I admit I’m not out of kindergarten yet, but this is really driving me nuts.
I understand that…
USD/EUR
I can buy the USD because it’s on the left side and I’m expecting it to go long or raise in price. But now I"m reading something that says I can choose to sell the right EUR side (without buying the left USD side?) Um, this defies common sense.
I did a teeny weeny little bit of day trading several years ago, and this pair trading is making my poor brain run in circles.
You are making a promise to deliver in the future
You want to buy a fridge from me at 500$ and take delivery in 2 weeks. I can sell that fridge even if I dont have it as long as I can deliver on the due date. If the prices of fridges in the meantime go down before I have to buy it to deliver to you I can make a good profit, if they go up I will make a loss. Get it?

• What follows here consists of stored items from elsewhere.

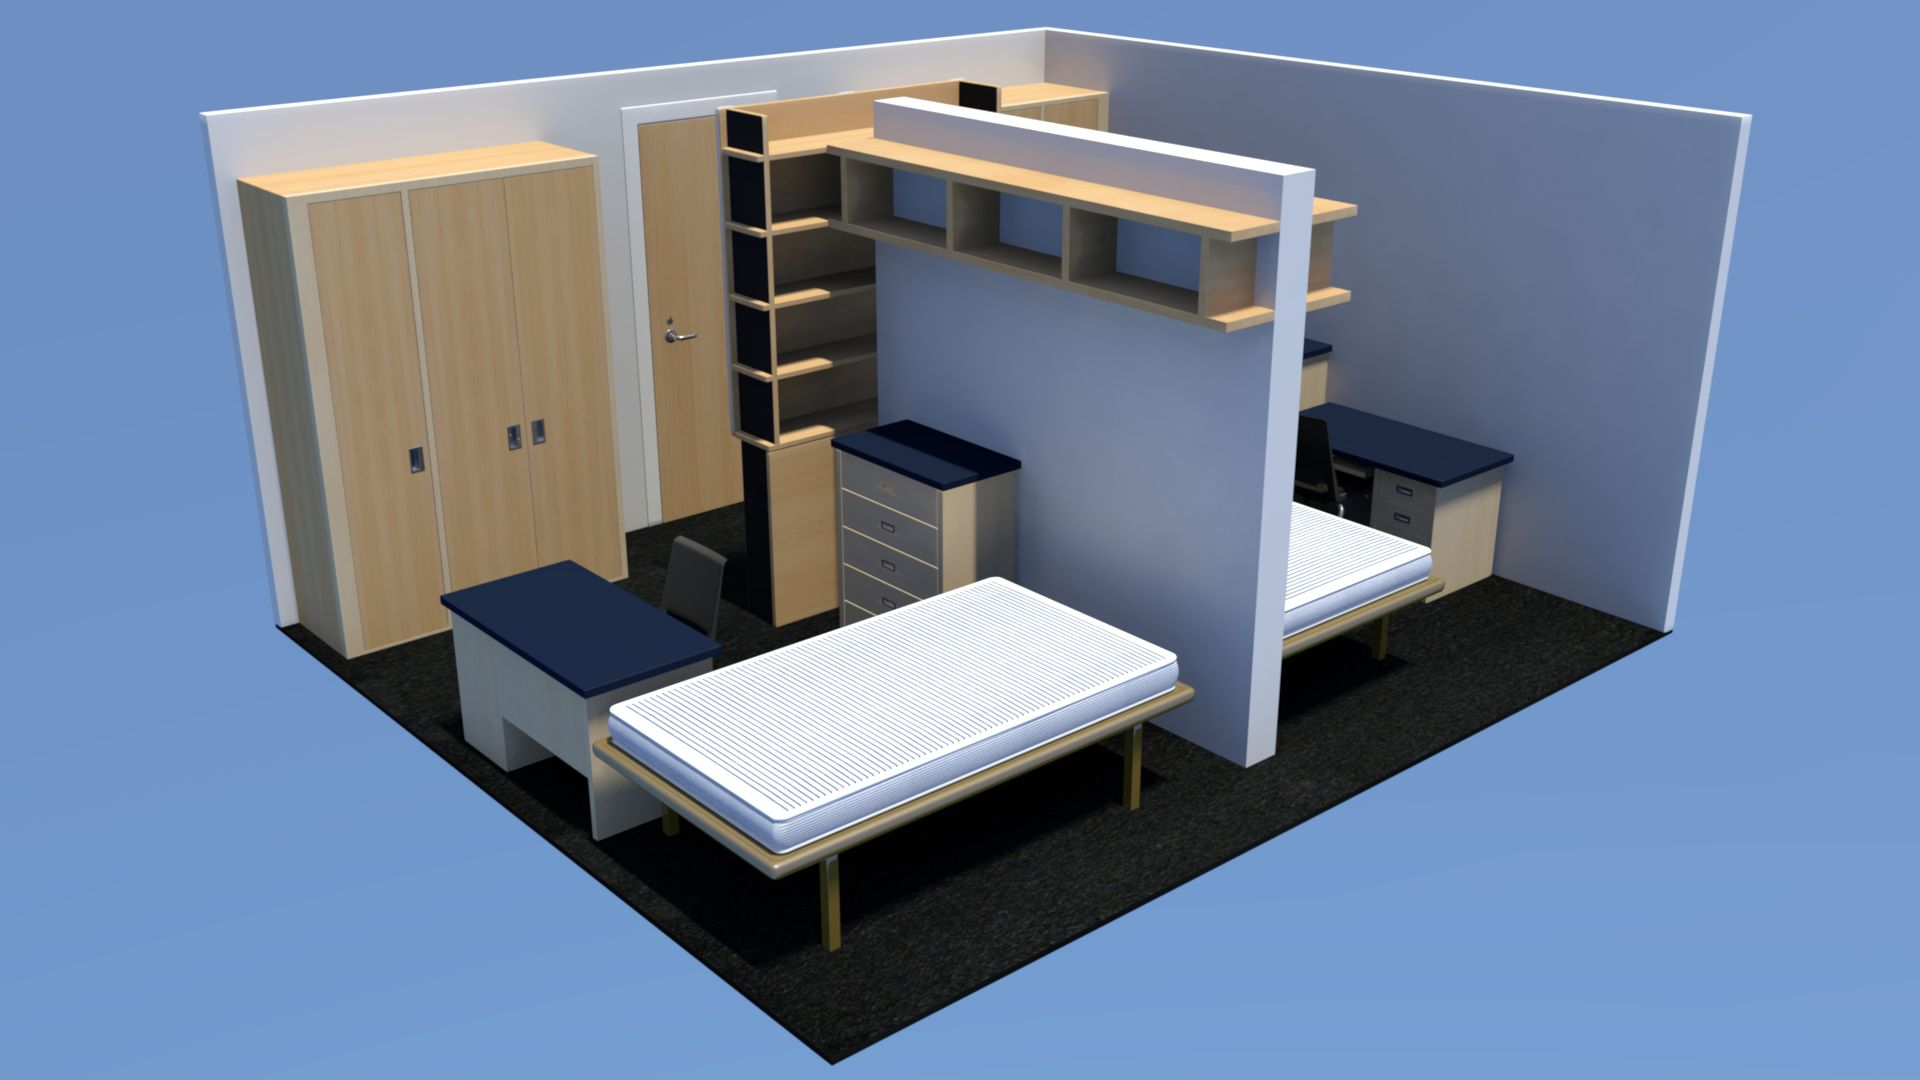 Syracuse University Dorm Floor Plan Dorm Room University Dorms Dorm
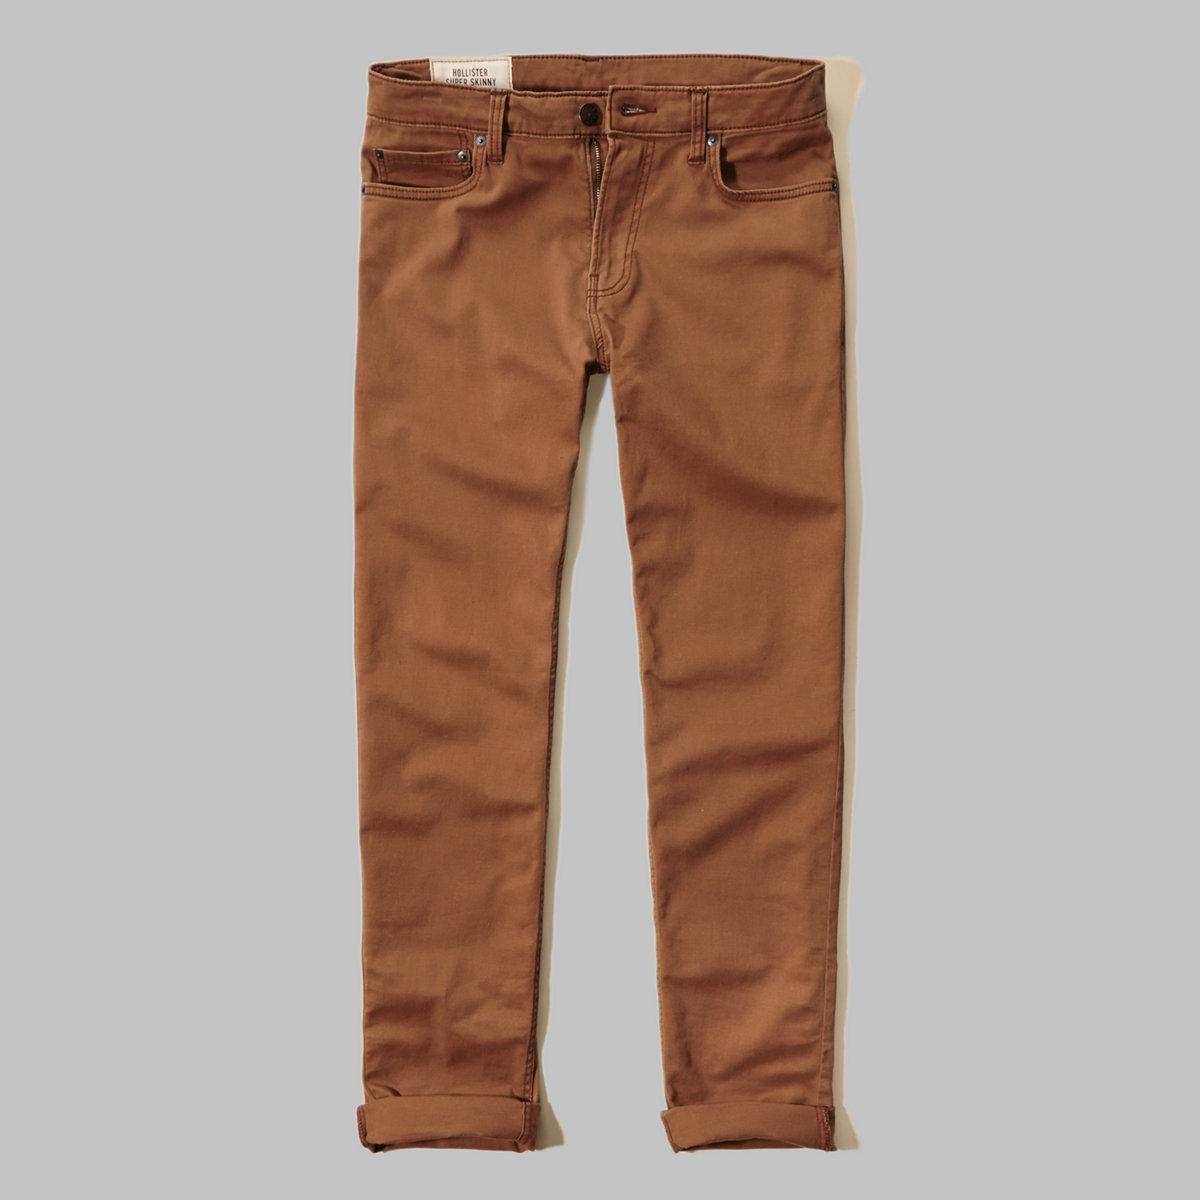 Super Skinny 5 Pocket Zipper Fly Pants
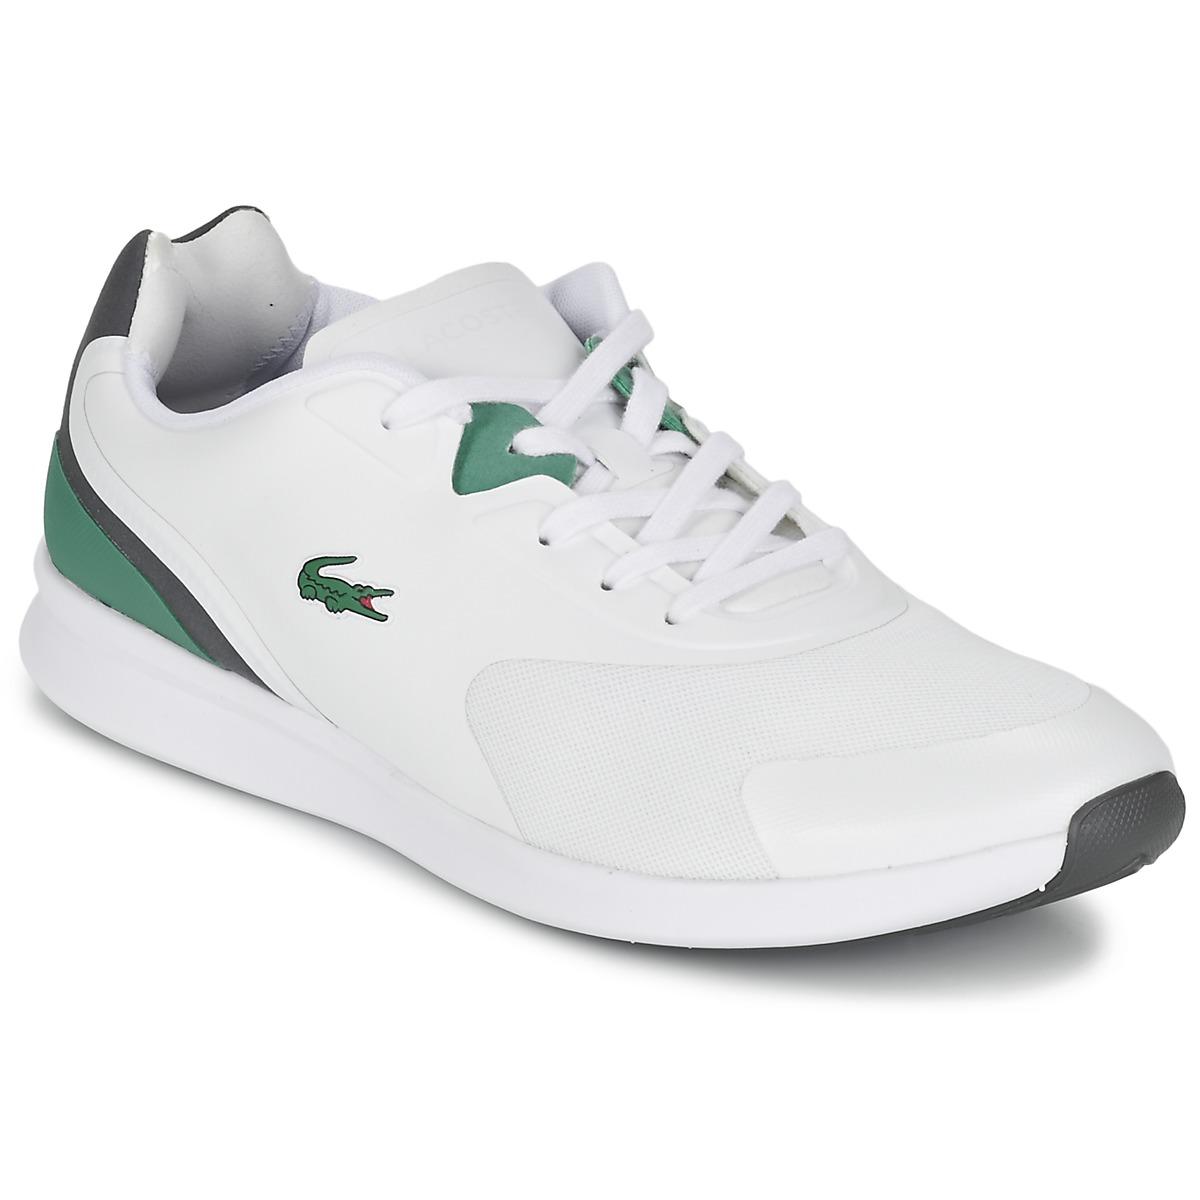 Lacoste LTR.01 316 1 Blanc / Vert
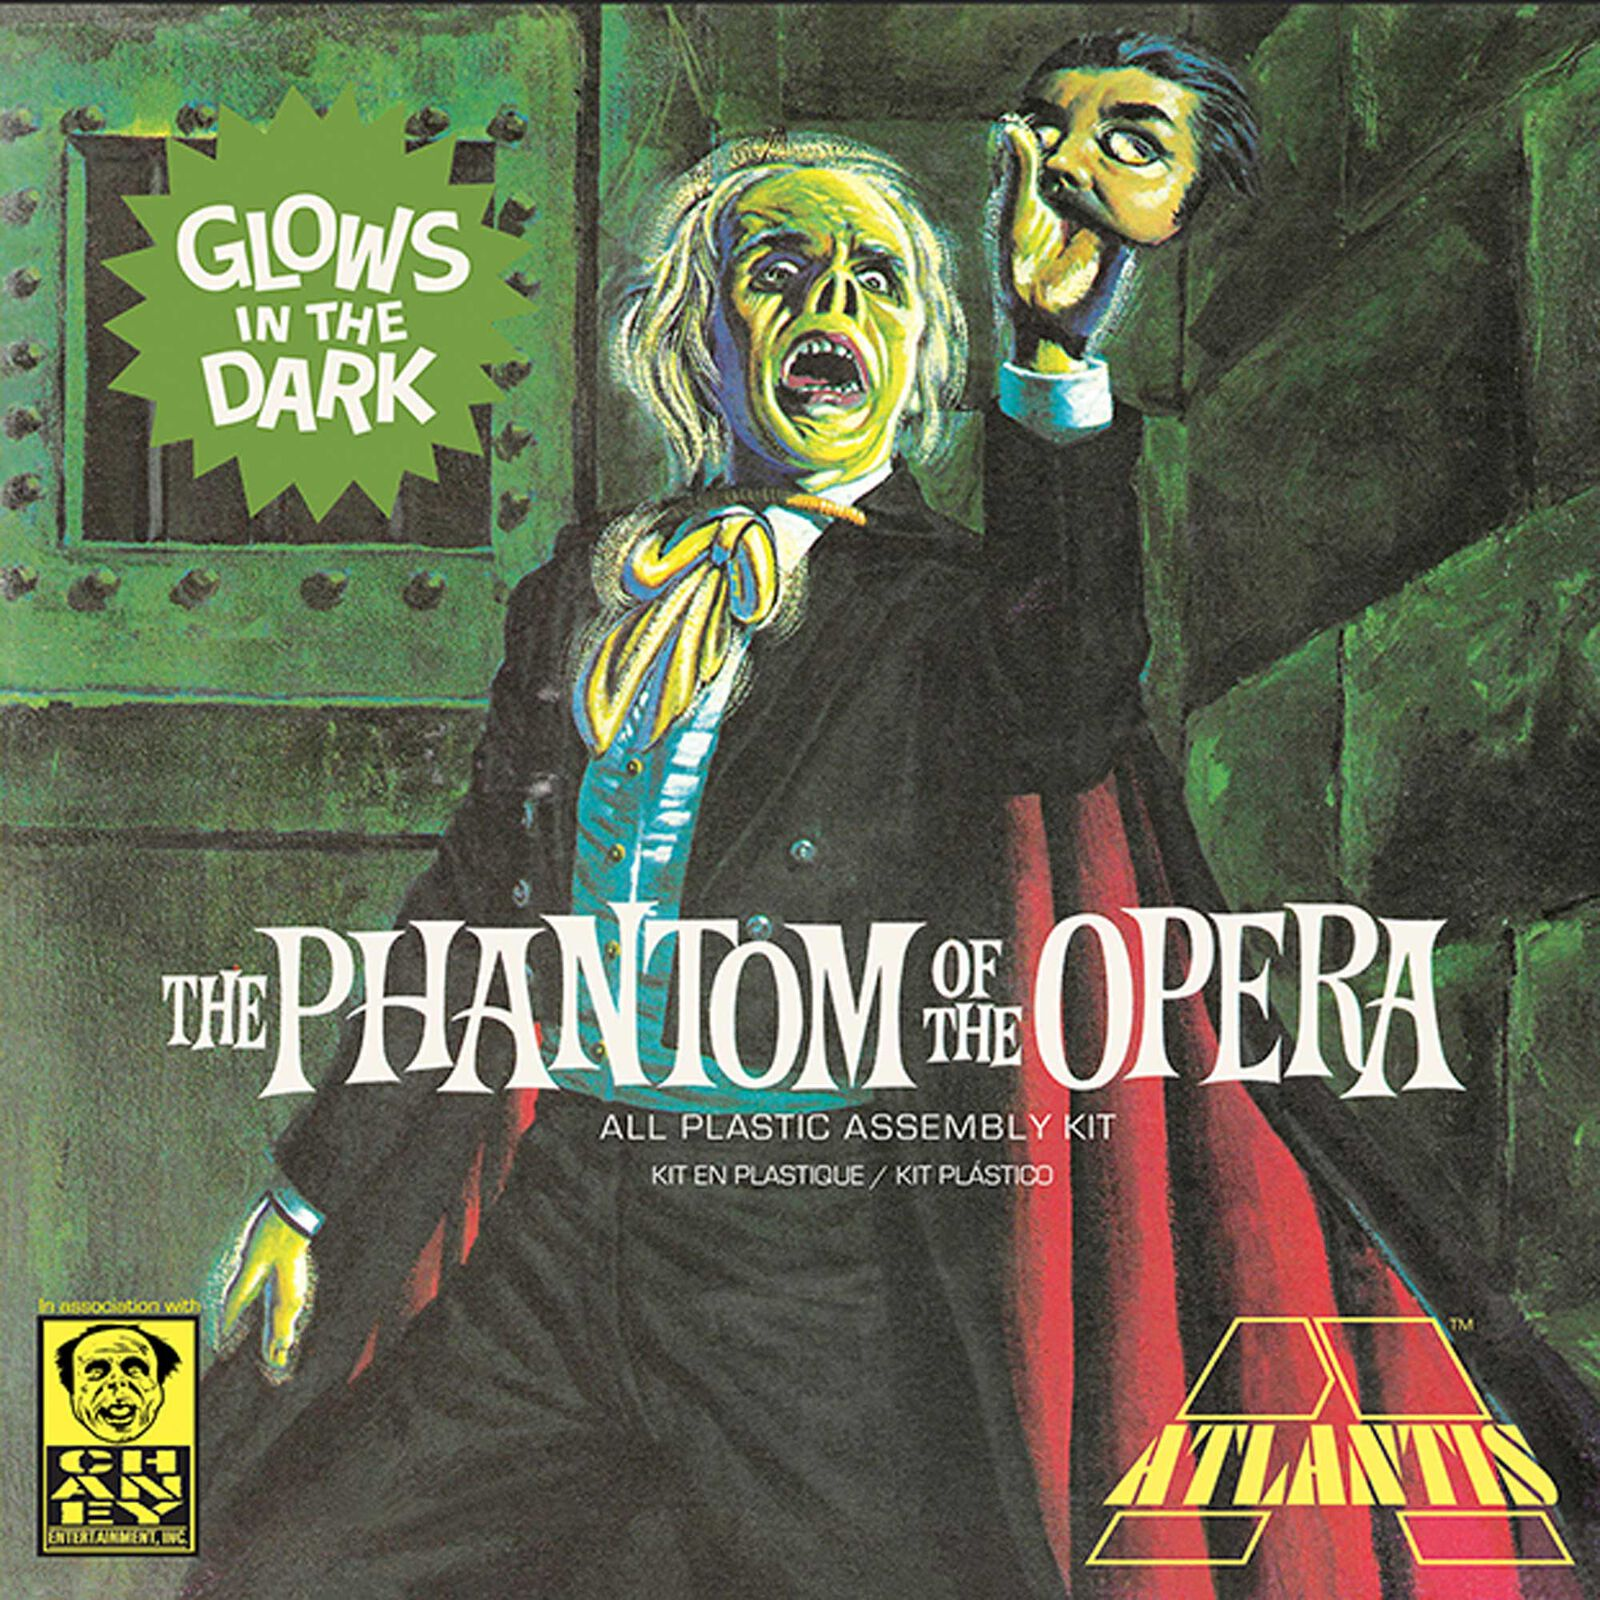 Lon Chaney Phantom of The Opera, Glow Edition

In addition in FX you do not have to deliver. You effectively buy the contract back. Short selling in shares is based on the same premise. Final thing to consider is that in a currency pair which is incidentally quoted as EURUSD not the other way round, buying the EUR is effectively the same as selling the USD
This one is not right either.
Use the original example of
EUR/USD. You don’t buy this
pair by buying EUR and you
certainly aren’t selling this
pair by buying USD.
gracetrader, listen to Tony he is explaining to you in a clear way. also ecn scalper has a point you should go through school and learn the basics.
Its like a futures contract. When you “sell” or “buy” there is no real expectation that you will receive any goods. Its more like a game if you will. You are agreeing to buy or sell at a price and if it goes in your favor then you made a profit if not you lost money. The thing is this “game” is not a game and I can assure you, you will lose money if you don’t put alot of time into understanding this stuff.
If you bought crude oil you wouldnt expect a truck to show up and deliver it, you would buy it and if you are fortunate enought for oil to become more expensive then you could sell it and keep the difference in money. Think of it as virtual oil. You own it even for a minute then you sell it.
I know its confusing but just go through the school like ecn says and things will become more clear.
thanks. john
“[B]Foreign exchange traders don’t typically own an asset. Rather, they make a bet that the price of one currency will strengthen or weaken in relation to another.”[/B]
I think that is a good quote to simplify what has already been said.